SCILHS Pulmonary Arterial Hypertension Study
PI’s: Aaron Waxman, MD, PhD, and Mary Mullen, MD, PhD
In conjunction with Phase I of ARCH (SCILHS), Pulmonary Arterial Hypertension (PAH) was chosen as the rare disorder clinical condition. With the goal of testing ARCH’s capabilities in mind, a feasibility study was conducted to query patients with PAH across four newly-constructed i2b2-SHRINE platforms. The goal was to test the use of ICD9 codes to generate aggregate patient data within these sites. The development of such precision was promising for ARCH’s scope and future utility, theorizing that this same process could be performed (and improved) for several different disease phenotypes moving forward. The second mission of this cohort development was to collect patient-reported outcomes. This was done over the phone and through use of mySCILHS patient facing technology. An interactive voice recognition interface was developed by the ARCH team to reduce time and labor in collecting patient responses. Data analysis is underway. During these surveys, patients were also asked whether they would like to be contacted for future projects, thus developing an active registry of patients if any opportunity to engage them should present itself. Having the ability to contact patients by phone to collect patient-reported outcomes will allow for researchers and clinicians to assess symptom burden of disease and effectiveness of associated treatments. Additionally, since pulmonary arterial hypertension is a rare disease, having an easy and effective way to engage and recruit patients in research is essential. The Pulmonary Arterial Hypertension Feasibility component of Phase I proved to be a learning experience and gave important insights into the capabilities of ARCH.
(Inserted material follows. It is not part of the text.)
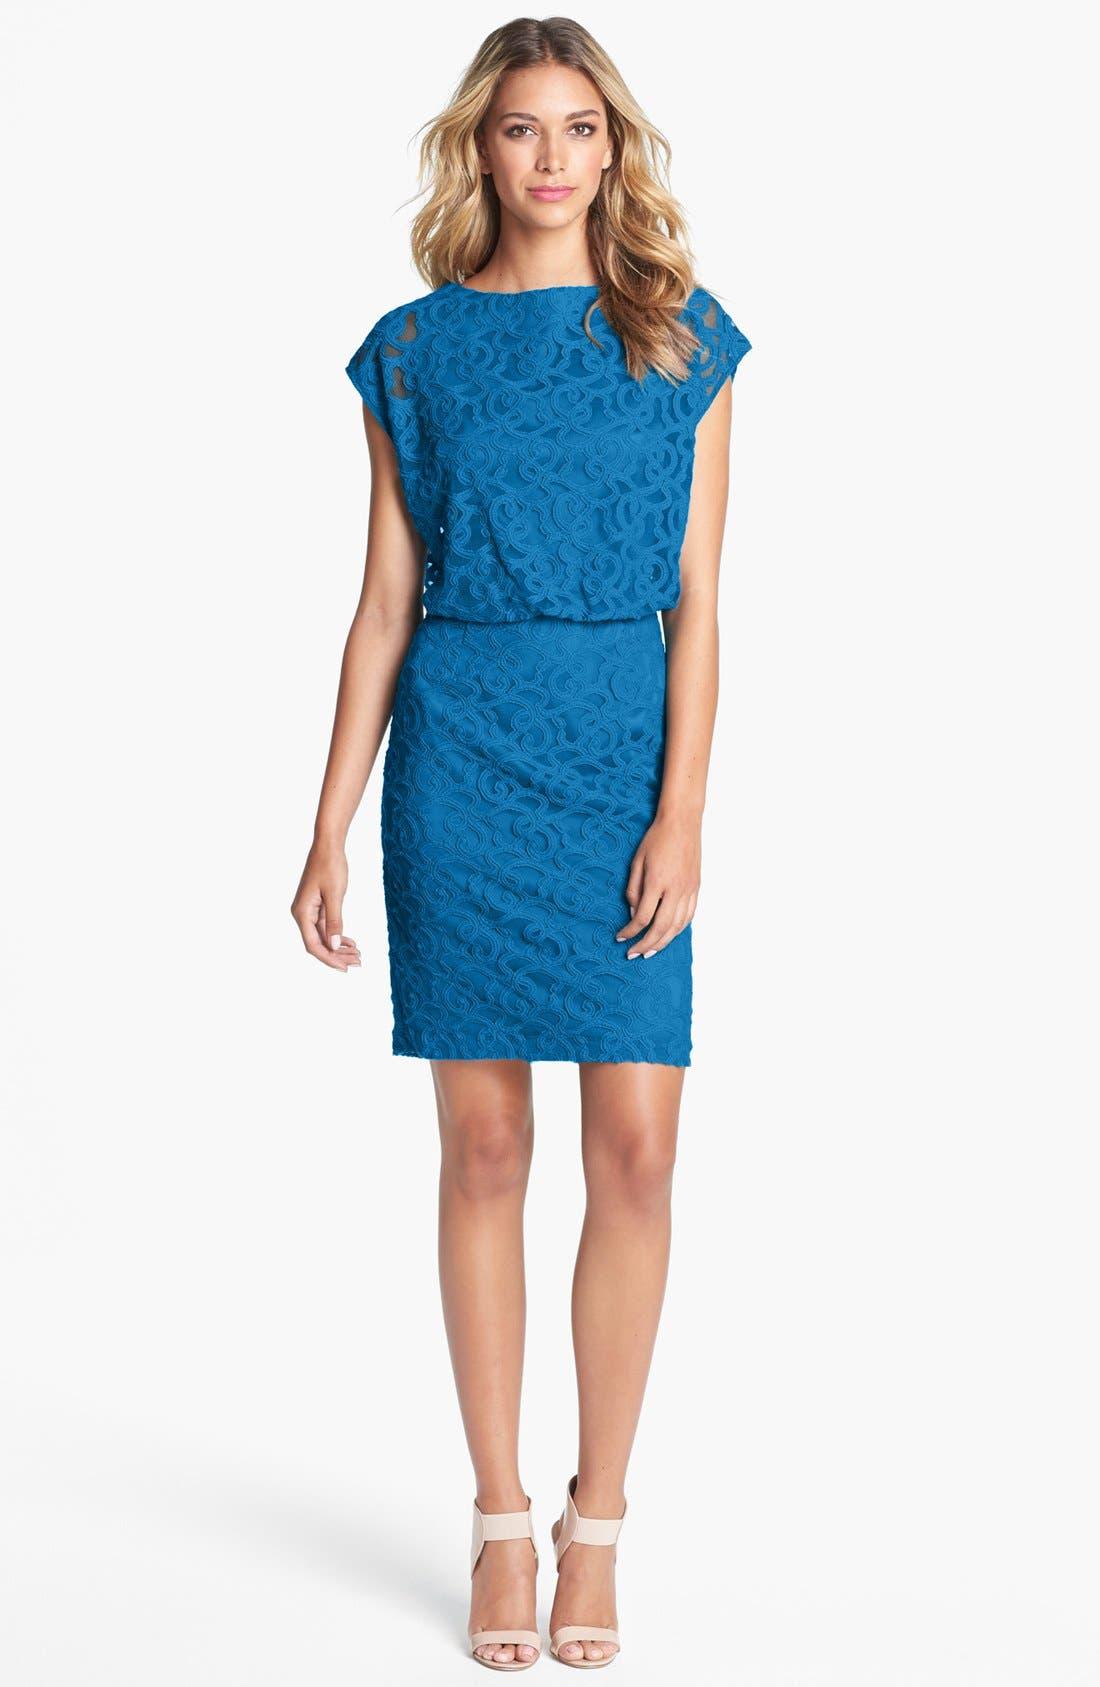 Main Image - Adrianna Papell Lace Blouson Dress (Petite)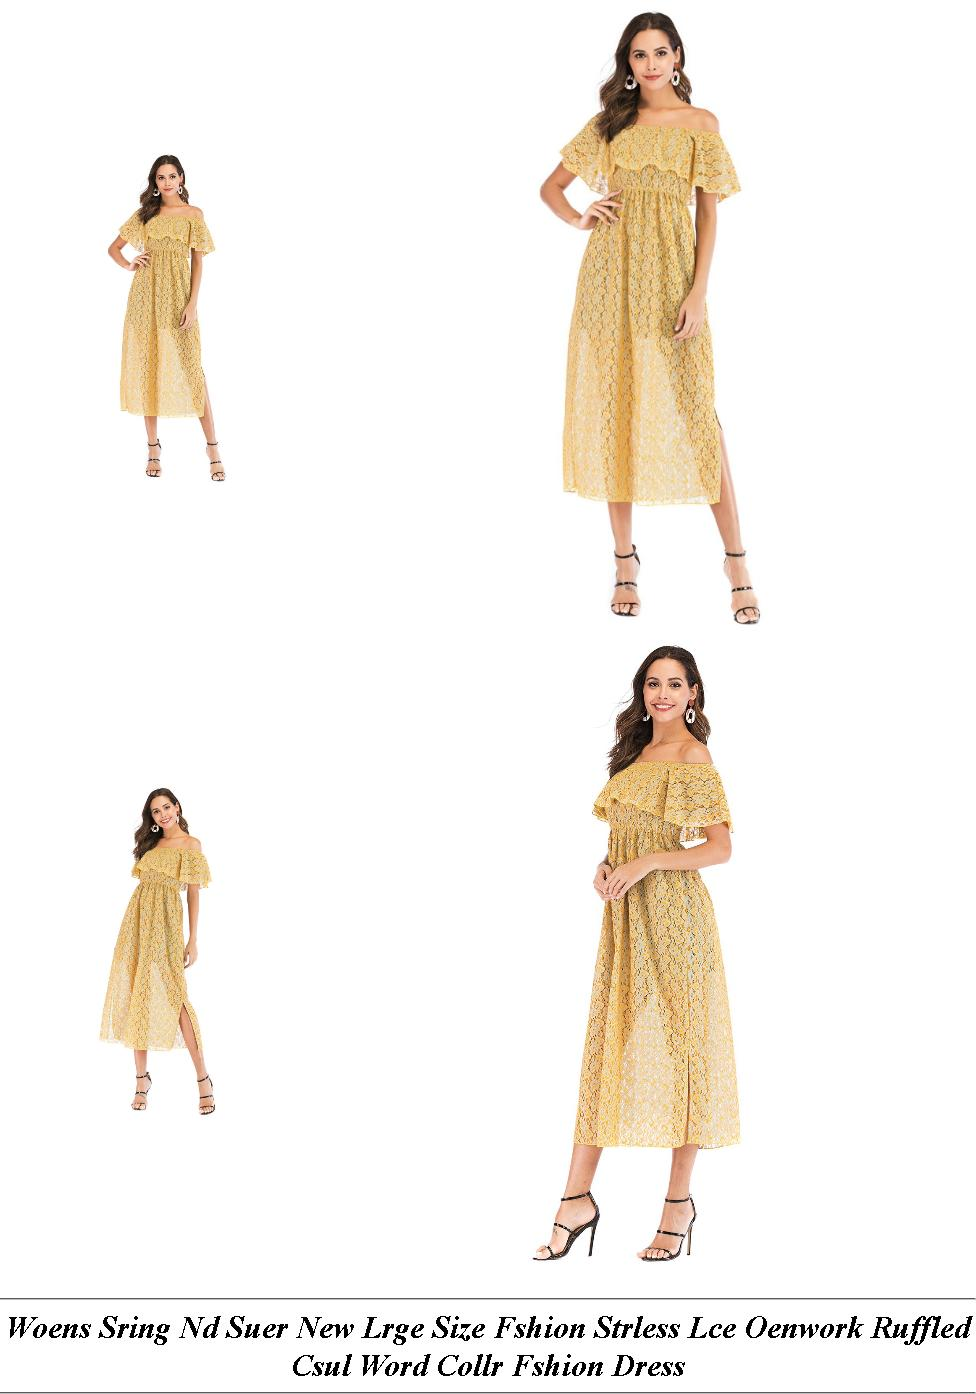 Old Navy Womens Dress Shirts - Season Sale Online - Ladies Garments Shops In Duai

SURE-PD3 Trial Recruitment Initiative
PI: Michael Schwartzchild, MD, PhD
ARCH is currently aiding in recruitment for a Phase III clinical trial of urate-elevating inosine treatment to slow clinical decline in early Parkinson’s disease (PD). This study aims to consent about 700 patients with early Parkinson’s disease that have not yet received drug intervention. Patients are being recruited from 60 sites across the country. The wide scope of this trial, in addition to the small proportion of Parkinson’s patients who are eligible, create particular challenges for recruitment. As such, investigators have enlisted ARCH technology to aid in identifying a patient cohort for this study. The strategy will facilitate enrollment of newly diagnosed PD patients who may not be referred for clinical trials, including minorities who have lower rates of referral for specialist care and PD trials, and accelerate referrals that might otherwise take so long that it renders the candidate ineligible. The ARCH network is one of the multifaceted recruitment techniques SURE-PD3 is implementing, and it is our hope that the information provided furthers their important efforts.